An important strength of these analyses is the ability to assess effect modification using continuous baseline variables. We demonstrate consistent benefits of standard-dose DOACs versus warfarin for stroke or systemic embolism across the continuous spectrum of age. For the major bleeding outcome, younger patients experienced a greater reduction in bleeding with standard-dose DOACs versus warfarin, perhaps because of a lower prevalence of competing comorbidities such as previous gastrointestinal bleeding or kidney dysfunction. Previous reports assessing treatment interaction by age are limited by the use of categorical data, with a typical age cut point of < or ≥75 years.7 There is generally more information in a continuous variable when assessed as such. Moreover, data derived from categorical cut points are challenging to interpret because within each category exists a wide spectrum of competing comorbidities, some of which are factors influencing DOAC dose reduction for 3 of the 4 individual trials. Although there was little or no between-trial heterogeneity detected in these analyses for the examined efficacy outcomes, moderate between-trial heterogeneity with respect to bleeding outcomes was detected, thus aggregate findings for bleeding outcomes must be interpreted with caution. One trial (RE-LY) showed an increase in major bleeding with higher-dose dabigatran (150 mg) versus warfarin in patients ≥80 years old,29 whereas the other 3 trials showed no significant interaction across age groups (with 2 of the 3 trials showing statistically significant reduction in major bleeding with DOACs).30 Heterogeneity may partly explain the findings from these analyses with respect to the bleeding interaction across continuous age. These data add depth to previous studies of DOACs in elderly patients, which are limited to subgroup analyses from individual trials,30 aggregate meta-analyses,7 and observational data.31 These findings reinforce guideline recommendations supporting preferential use of DOACs over warfarin in all age categories given consistent stroke reduction among elderly patients with at worst no difference in the incidence of major bleeding.

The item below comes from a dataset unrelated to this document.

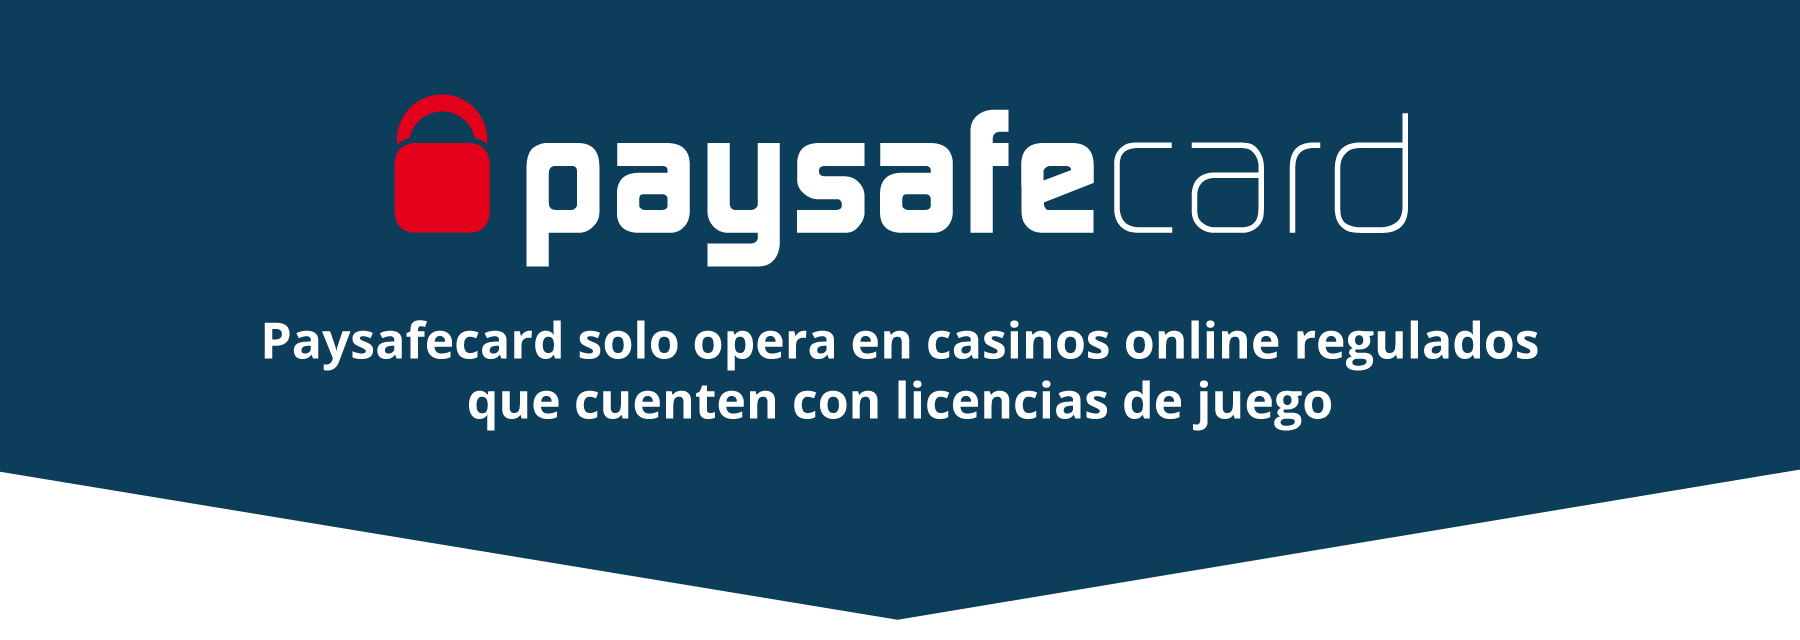 Paysafecard en casinos online de Latinoamérica

These analyses have several limitations. We performed univariable analyses for individual outcomes separately and tested each effect modifier individually. These analyses may therefore introduce type I error inflation attributable to multiplicity. Furthermore, because we did not use a multivariable approach in the effect modification analyses, potential multivariable collinearity between covariates (such as age and creatinine clearance and treatment effect) may not be accounted for. Patients in the COMBINE AF database are from randomized trials with specific inclusion and exclusion criteria and thus do not represent an unselected group of patients with AF in general practice. Randomization, however, offers reliable assessment of relative efficacy and safety, which cannot be reliably determined from nonrandomized observational comparisons. Although the individual trials within COMBINE AF used robust efficacy and safety outcomes, few patient-reported outcomes were collected, which may limit the application of our findings. Furthermore, data describing temporary discontinuation of study drug and study drug adherence were not included in the COMBINE AF database. Adherence in the randomized trials—for example, as measured by international normalized ratio time in therapeutic range—was at least as good as what has been described in most studies of patients in general practice. Last, aggregating trials with different study drugs and doses for meta-analyses may obscure subtle differences between outcomes that are specific to individual study drugs.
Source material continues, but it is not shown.